_Stored data_.
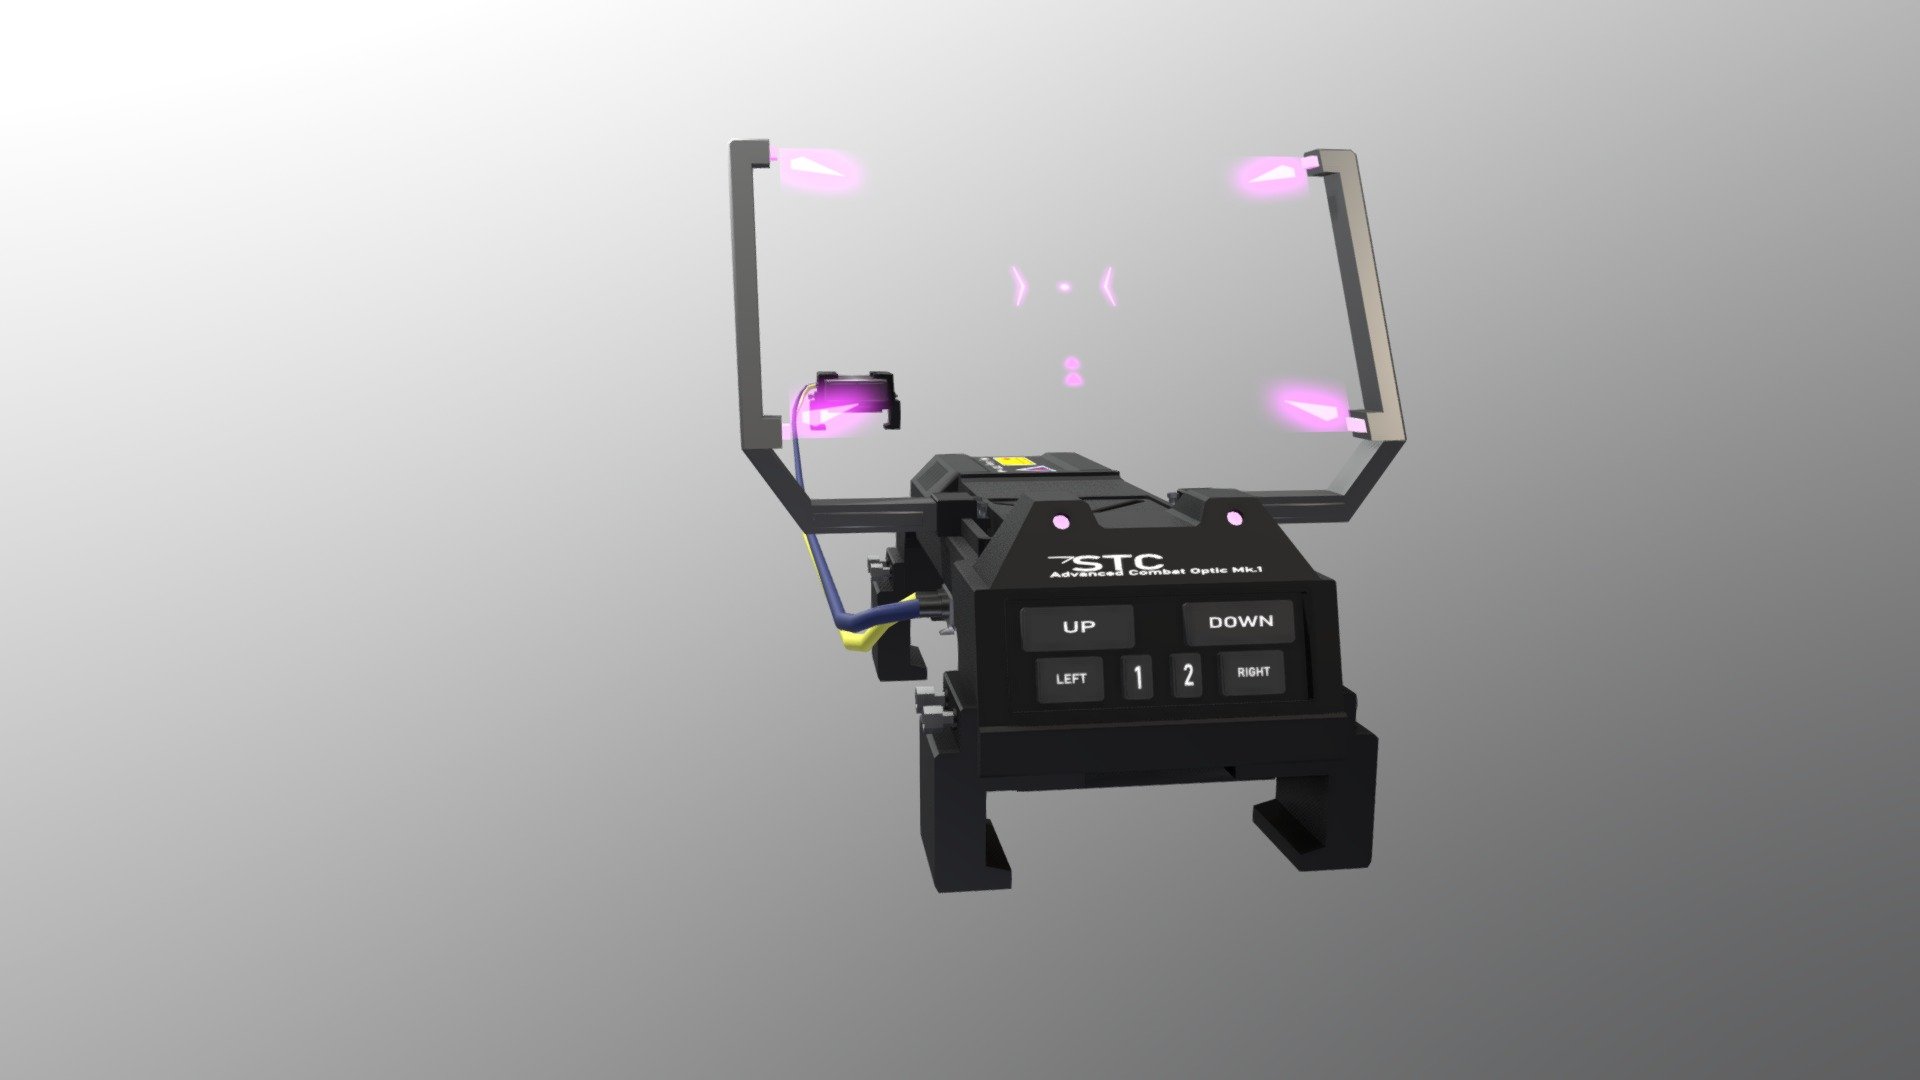 WIP
Weapon sight with futuristic range finder - Tech Holo Gun Sight - 3D model by Socksthecat 3d model
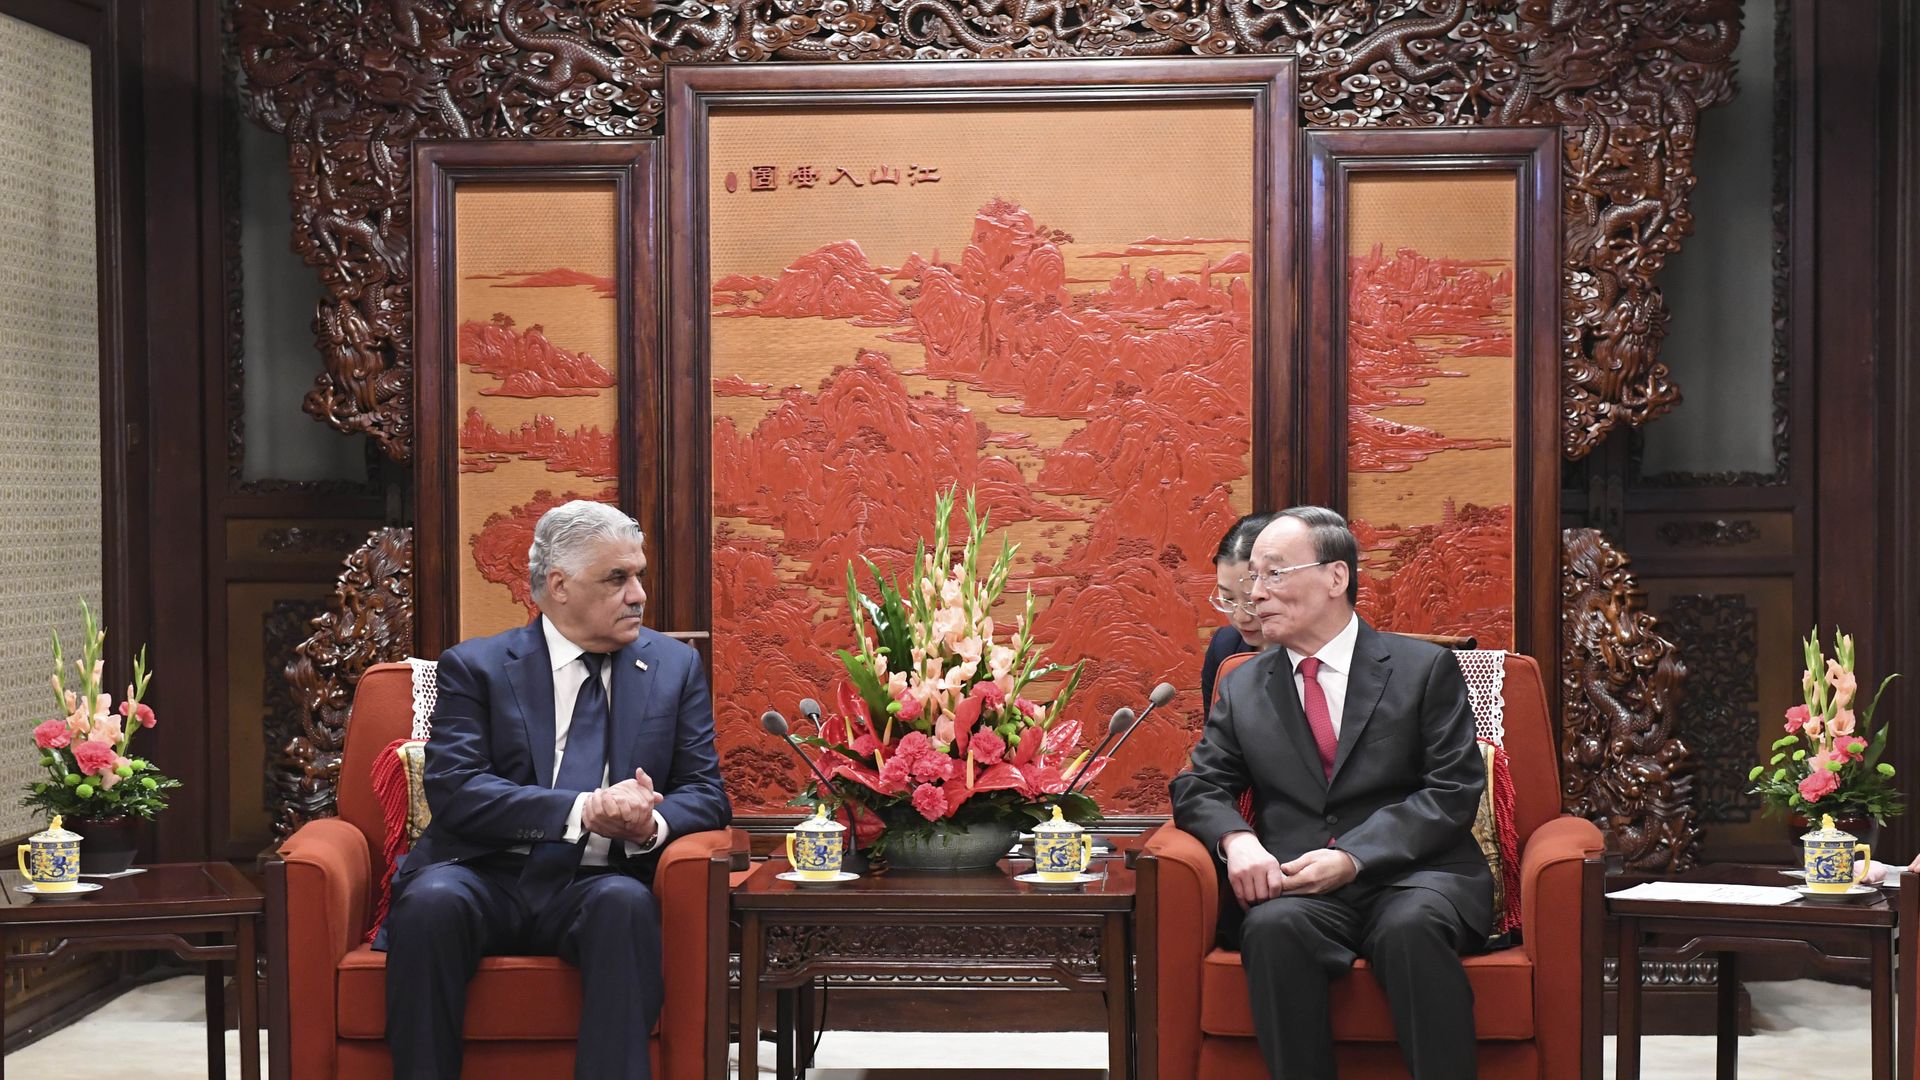 Dominican and Chinese leaders sit on armchairs in front of an orange and red painting
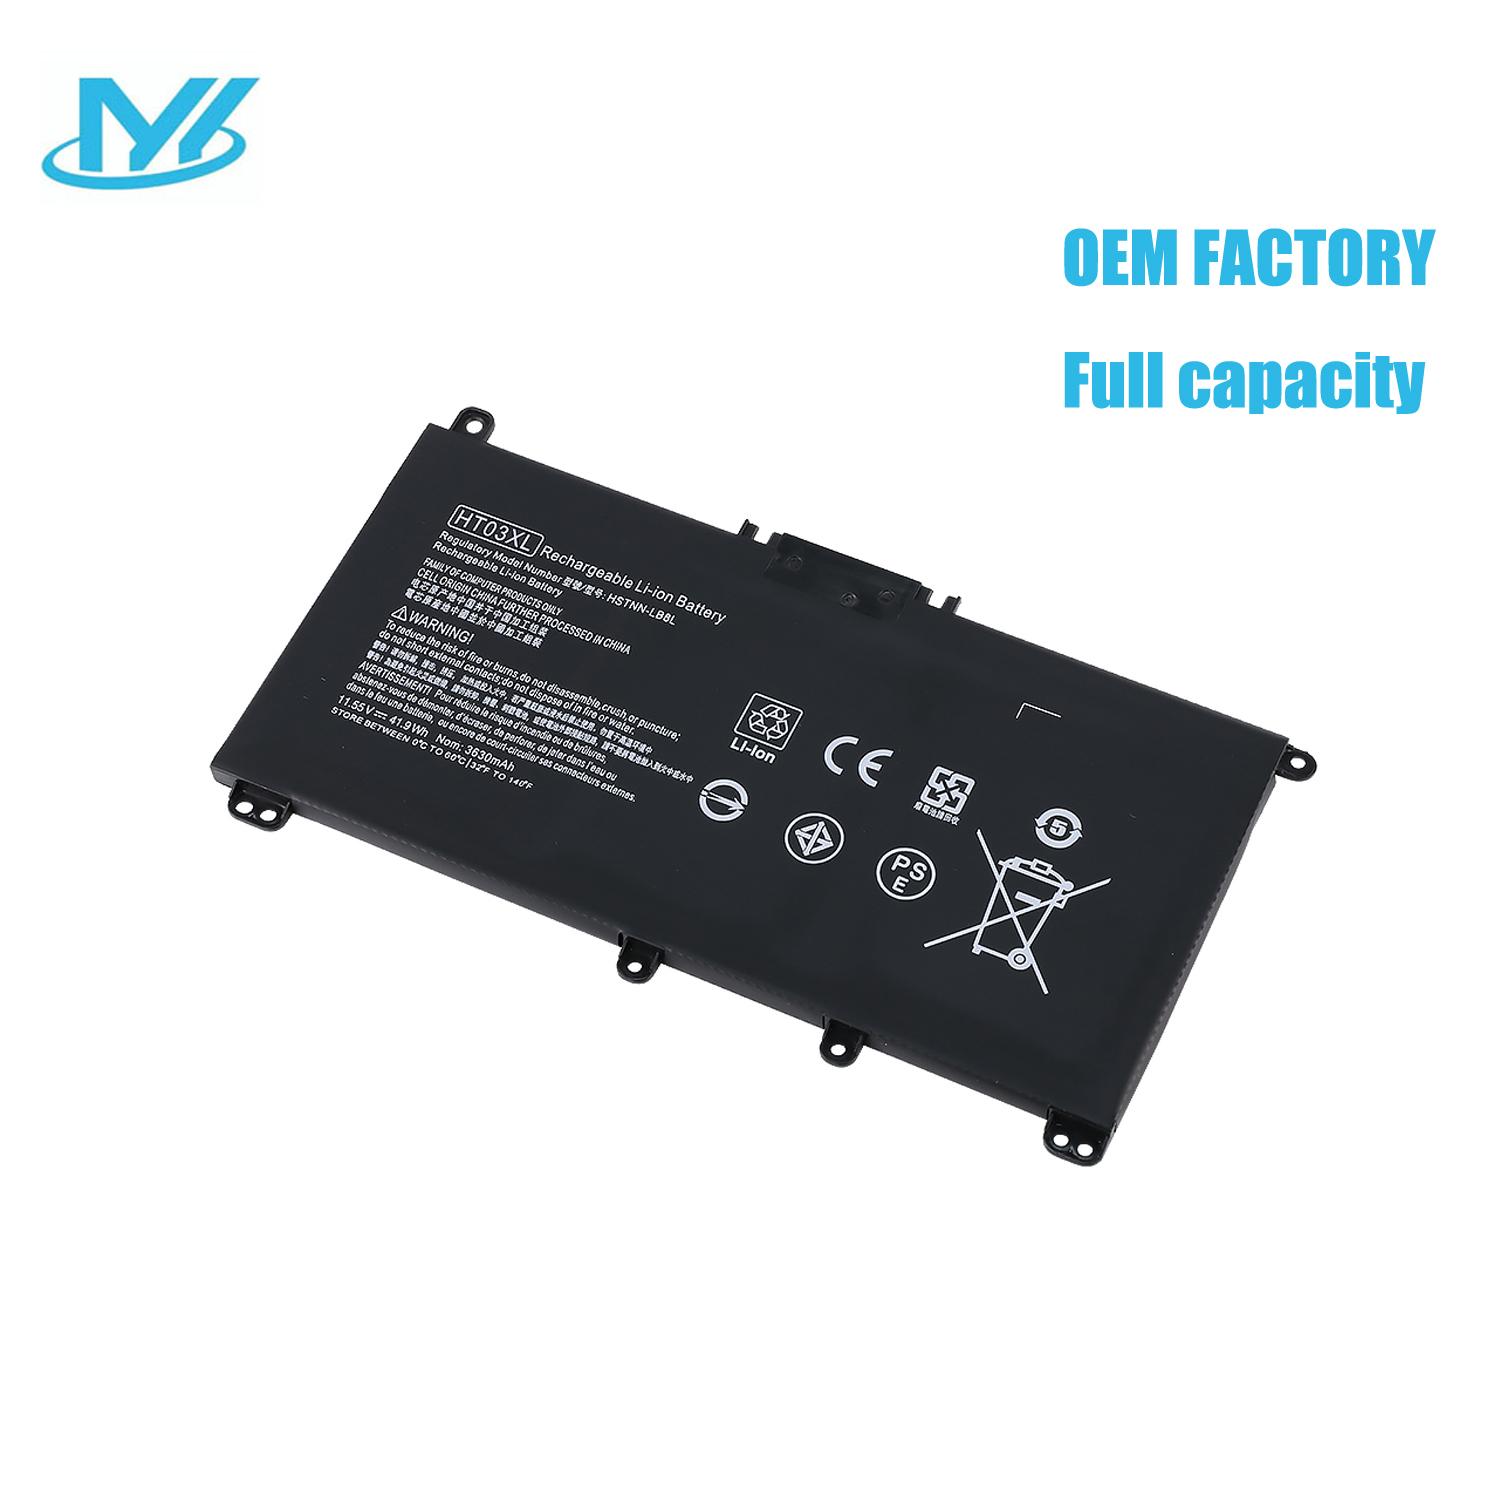 HT03XL rechargeable lithium ion Notebook battery Laptop battery for HP TPN-Q207/TPN-Q208/TPN-Q209/TPN-C135/TPN-C136/TPN-I130/TPN-I131/TPN-I132/TPN-I133/TPN-I134/240 G7 /245 G7/ 250 G7/ 255 G7/ 340

_Work item_.
Could you repeat the listing above exactly, omitting its pictures?

_Result for this task_.
 WIP
Weapon sight with futuristic range finder - Tech Holo Gun Sight - 3D model by Socksthecat 3d model
 Dominican and Chinese leaders sit on armchairs in front of an orange and red painting
 HT03XL rechargeable lithium ion Notebook battery Laptop battery for HP TPN-Q207/TPN-Q208/TPN-Q209/TPN-C135/TPN-C136/TPN-I130/TPN-I131/TPN-I132/TPN-I133/TPN-I134/240 G7 /245 G7/ 250 G7/ 255 G7/ 340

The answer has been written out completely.